Напротив него размещался открытый пожарный щит. Немного поколебавшись, он снял со стены ярко-красный топор с долговязым топорищем, обхватил обеими руками. Дисбаланс вопиющий – ладно, справится. Раздвижная дверь была открыта – заходи любой, пользуйся простотой и доверчивостью матросов! «А ведь их можно не убивать, – мелькнула элементарная мысль. – Не надоели еще эти трупы? Вырубить, забрать в качестве заложников, и хрен нас тогда возьмут – если янки не шагнут, конечно, через собственные принципы, гласящие: погуби хоть всю группу захвата, но не дай погибнуть заложникам, поскольку гуманизм превыше всего…»
Он переступил через проем, начал спускаться. Одна дверь, другая… За последней что-то урчало, булькало и кряхтело. Одно из тел заперлось в гальюне? «Ударить по рубильнику? – мимоходом подумал Глеб. – Посмеяться хоть над чем-то? Выяснить, с каким звуком в благословенной Америке выключается свет?»
Он прокрался мимо – из обширной кают-компании тянулся прелый запах пота и несвежей мужской одежды. Позвякивала посуда, похмыкивали мужики. Пол качался под ногами – такое ощущение, что он тоже принял на грудь. Он скользнул за косяк, взвесил в финале все «за» и «против». Странно было бы уйти. Вперед, пока их там только двое, – в одного швырнуть топор, на другого швырнуться самому! Он размашисто перешагнул через проем, еще один шаг…
И застыл, узрев два автомата, нацеленные в грудь. И смеющиеся глаза двух мужиков с аккуратно постриженными окладистыми бородками…
Он с шумом выпустил пар. Ну и ну… Бросаться напролом смысла не было – не научился он еще разбрасывать летящие пули. Пальцы мужиков покоились на спусковых крючках, уже слегка их оттянули, выбрав технологический люфт…
– Добрый день, мистер, – поздоровался тот, что повыше. – Проходите, располагайтесь. Мы уже устали ждать представителя с вашей стороны.
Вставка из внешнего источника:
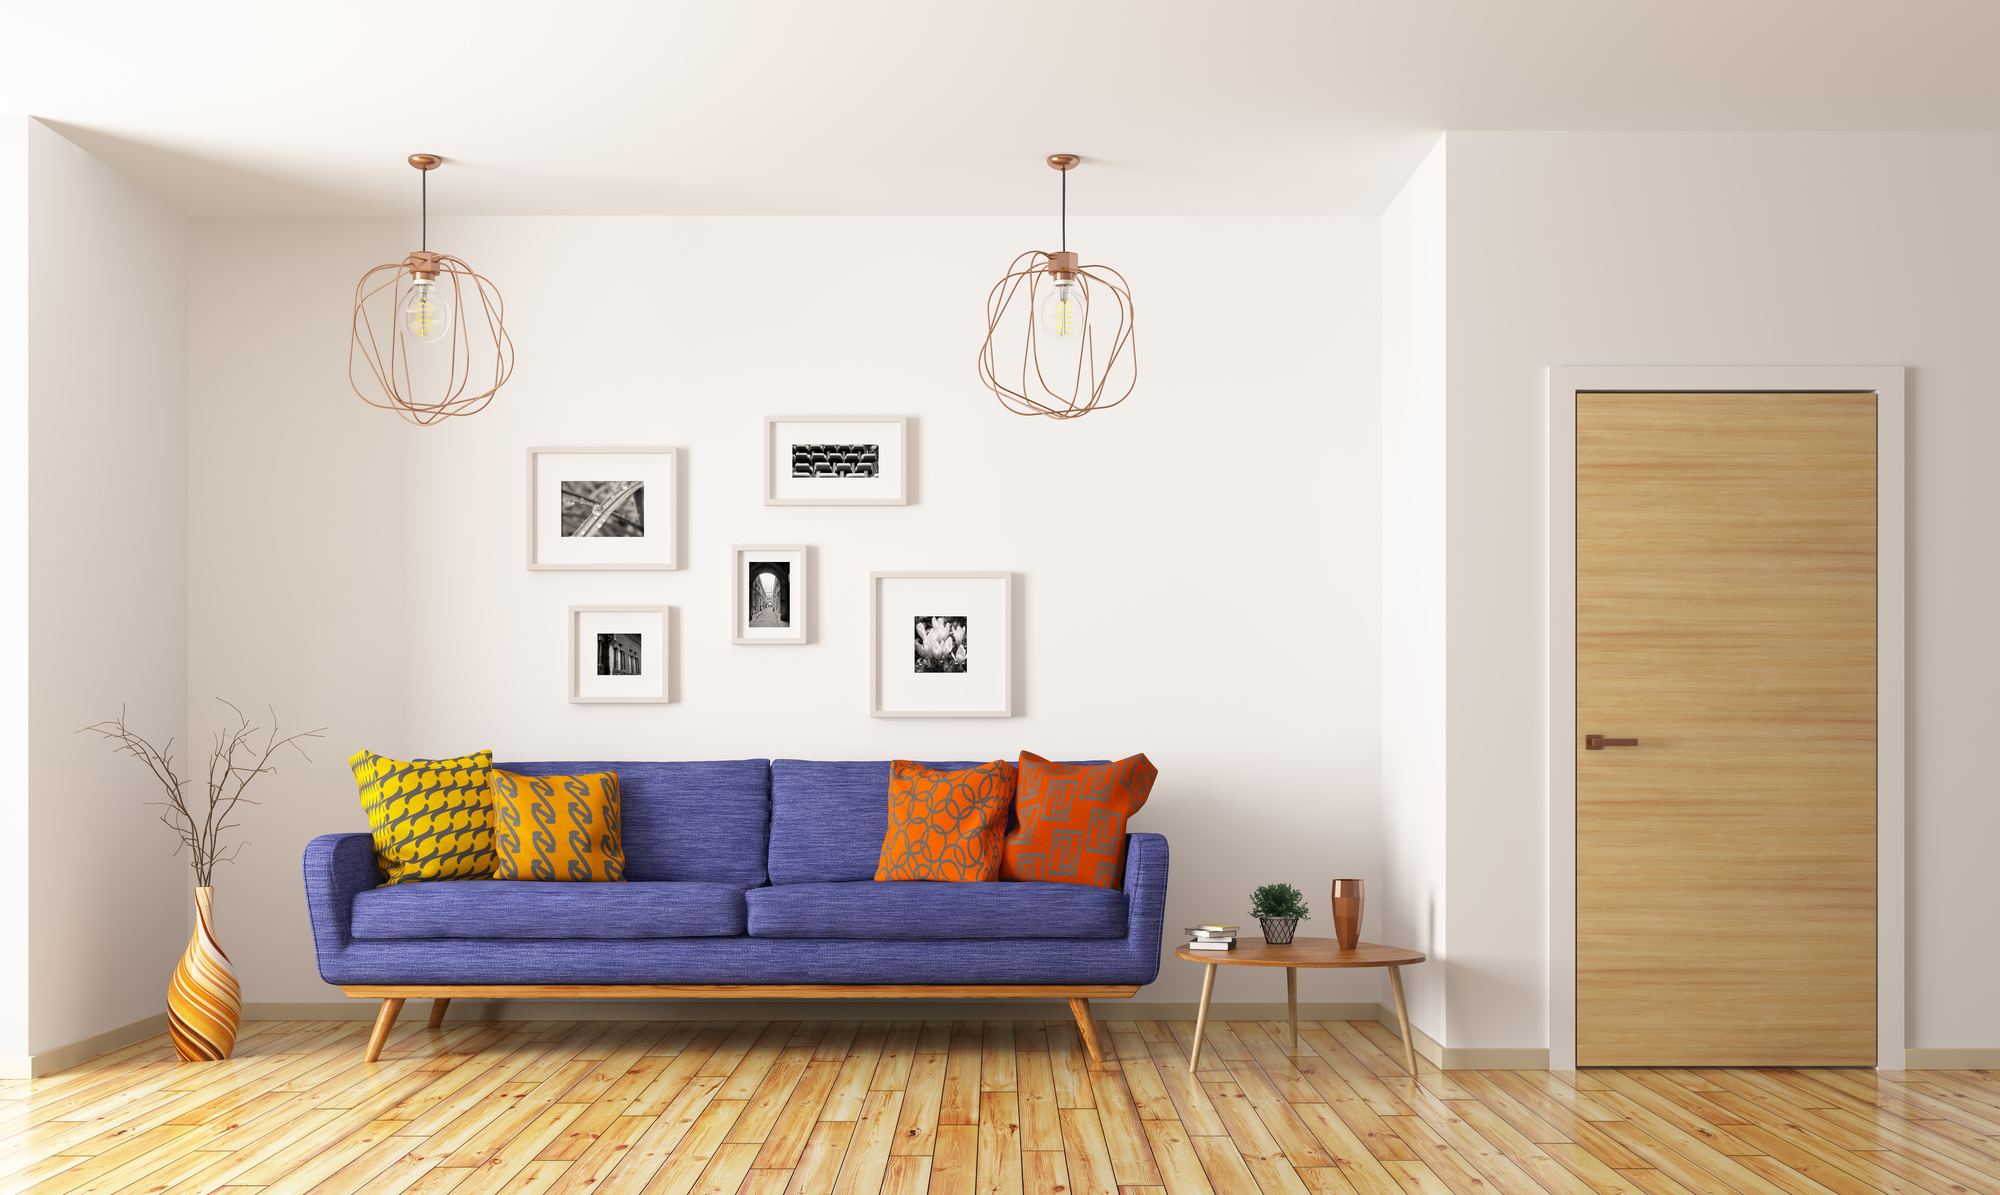 空間を有効活用できる壁面収納のアイデアまとめ

Предложить вам напитки или что-нибудь другое? Можете опустить свой топор… вернее, наш топор. Он вам точно не понадобится.
– И эти русские считают нас тупыми, – самодовольно ухмыльнулся тот, что был пониже – с серьгой в ухе. – Может, оно и так, мы не глыбы умища, но ведь изредка поработать головой ничто не мешает, верно, Стэнли?
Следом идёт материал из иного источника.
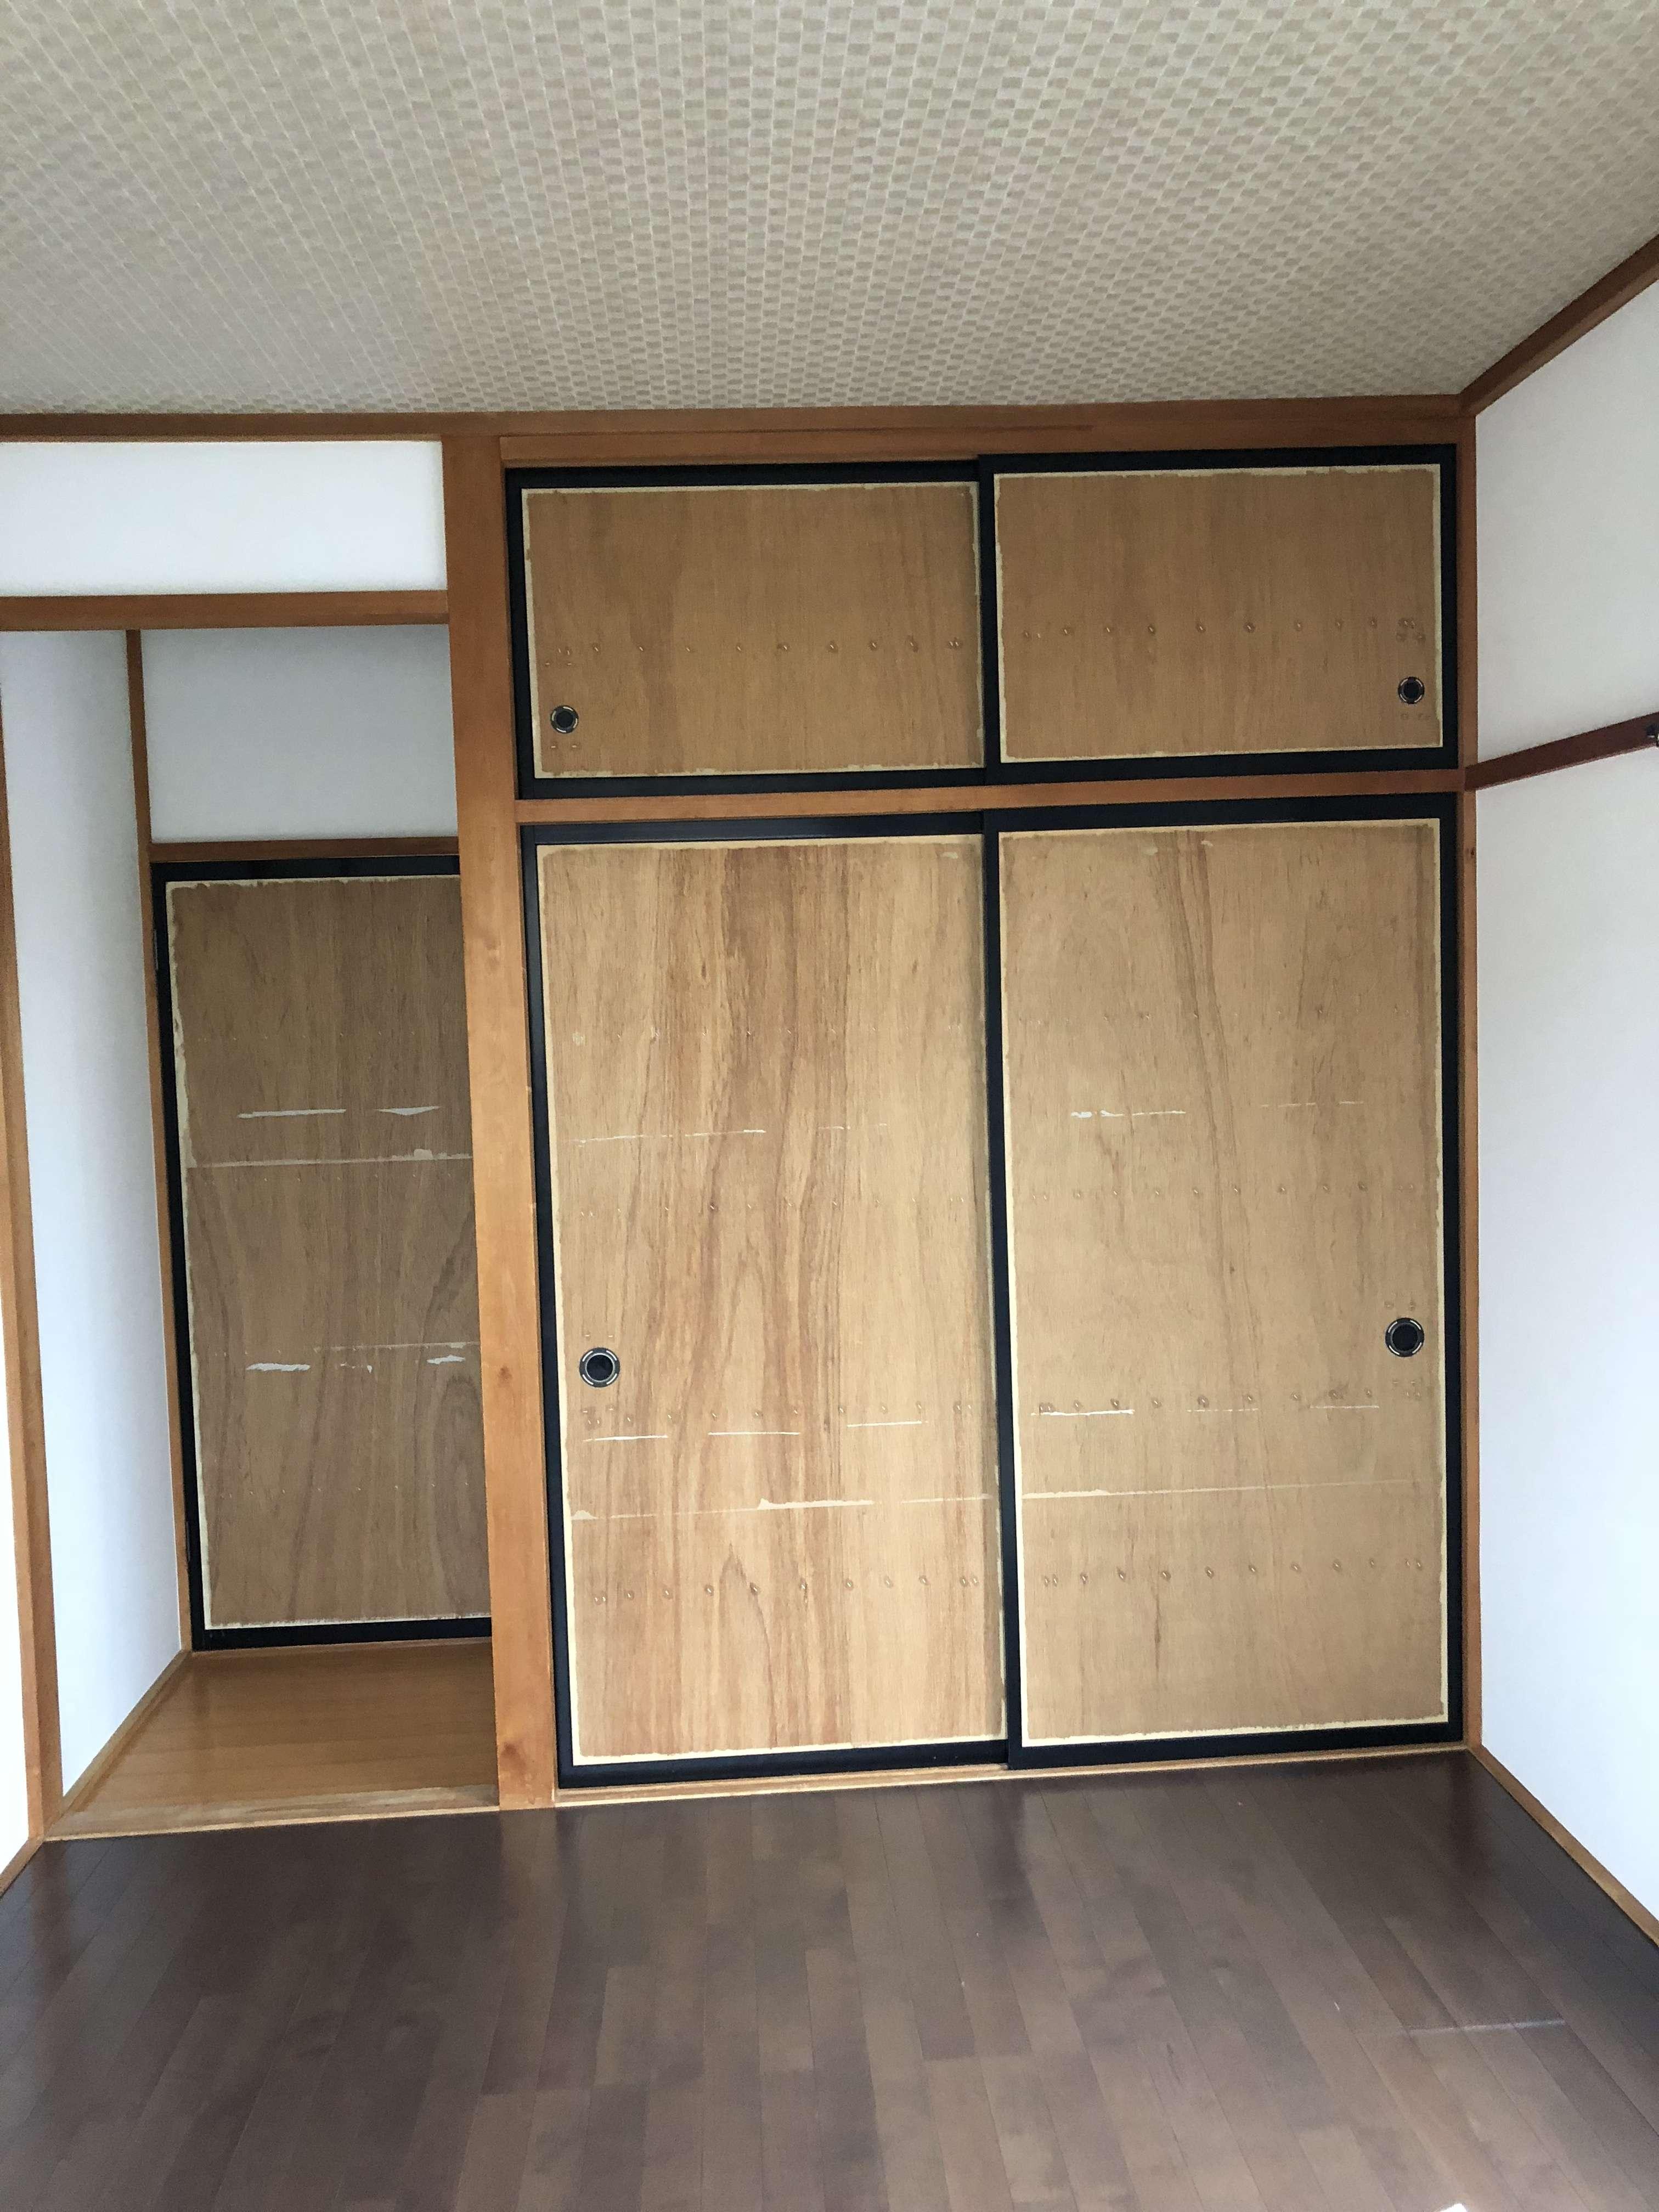 静岡 壁紙 襖 クロス張替え工事 クロス張替え 内装工事 クリーニングは静岡市のac Trustへ

Сказать в провальной ситуации было нечего. Волна стыда и разочарования захлестнула майора спецназа. Все его эмоции отразились на лице, что привело американцев в самое благодушное расположение духа. Они заулыбались, выставили свои отбеленные зубы. С их высказыванием, кстати, Глеб мог поспорить. Он никогда не считал американцев тупыми – особенно если они собирались в компанию больше двух человек и занимались именно тем, чему их учили. Он уважал их как великую нацию, его не раздражало, что янки диктуют миру свою волю. Сделайся Россия самым сильным государством в мире и возьмись учить других – разве это стало бы его раздражать? В некотором роде, он ими даже восхищался – особенно их умением снимать кино и создавать питательную среду для разведения злокачественной демократии.
– Кстати, давно что-то не видно нашего дворецкого, – широко улыбаясь, возвестил рослый Стэнли, – он совершенно не ловит мышей. Однако сигнализация, благодаря его стараниям, сработала. Неплохая, кстати, техническая новинка, Чак.
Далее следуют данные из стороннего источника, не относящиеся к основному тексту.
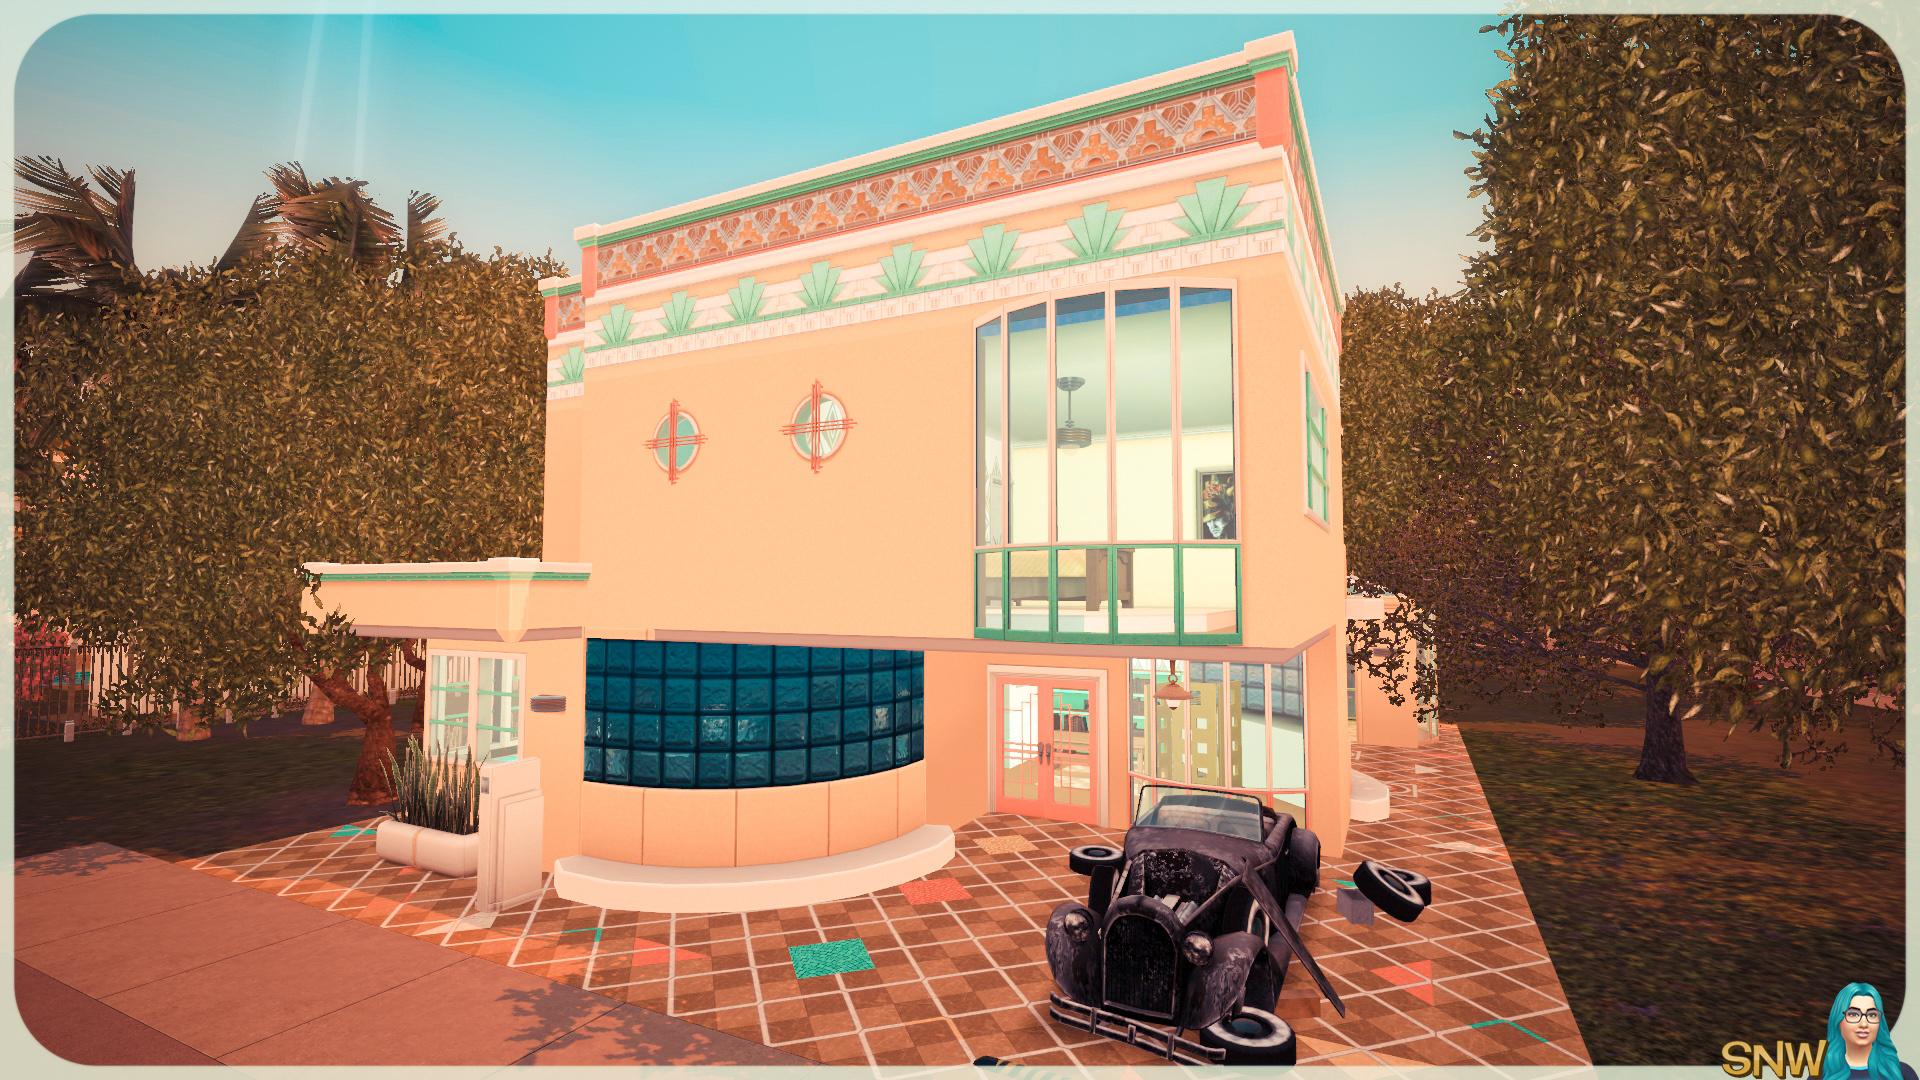 Zonnig art deco huis snw - Deco eigentijds design huis ...

– Этой новинке в обед сто лет, – усмехнулся тот, что пониже. – Но на нее по-прежнему клюют. Вы оценили, товарищ? – последнее слово он произнес намеренно с искажением – получилось немеркнущее ленинское «товагищ».
– Я впечатлен, – скрипнул Глеб, выбираясь из прострации. – Передайте вашему дворецкому, господа…
Но кончилось время для совершения глупостей! За спиной скрипнула половица. Он собрался обернуться, но тут на него сзади набросили кусок рыбацкой сети, который мигом спеленал его по рукам и ногам! Глеб вертелся, ругался матом, топор выпал из рук – и только больше запутывался. А двое с автоматами откровенно потешались. Его толкнули – он упал, и тот тип, лица которого он не видел, с кряканьем мультяшного Дональда Дака ударил его ботинком по виску. Сломалась картинка…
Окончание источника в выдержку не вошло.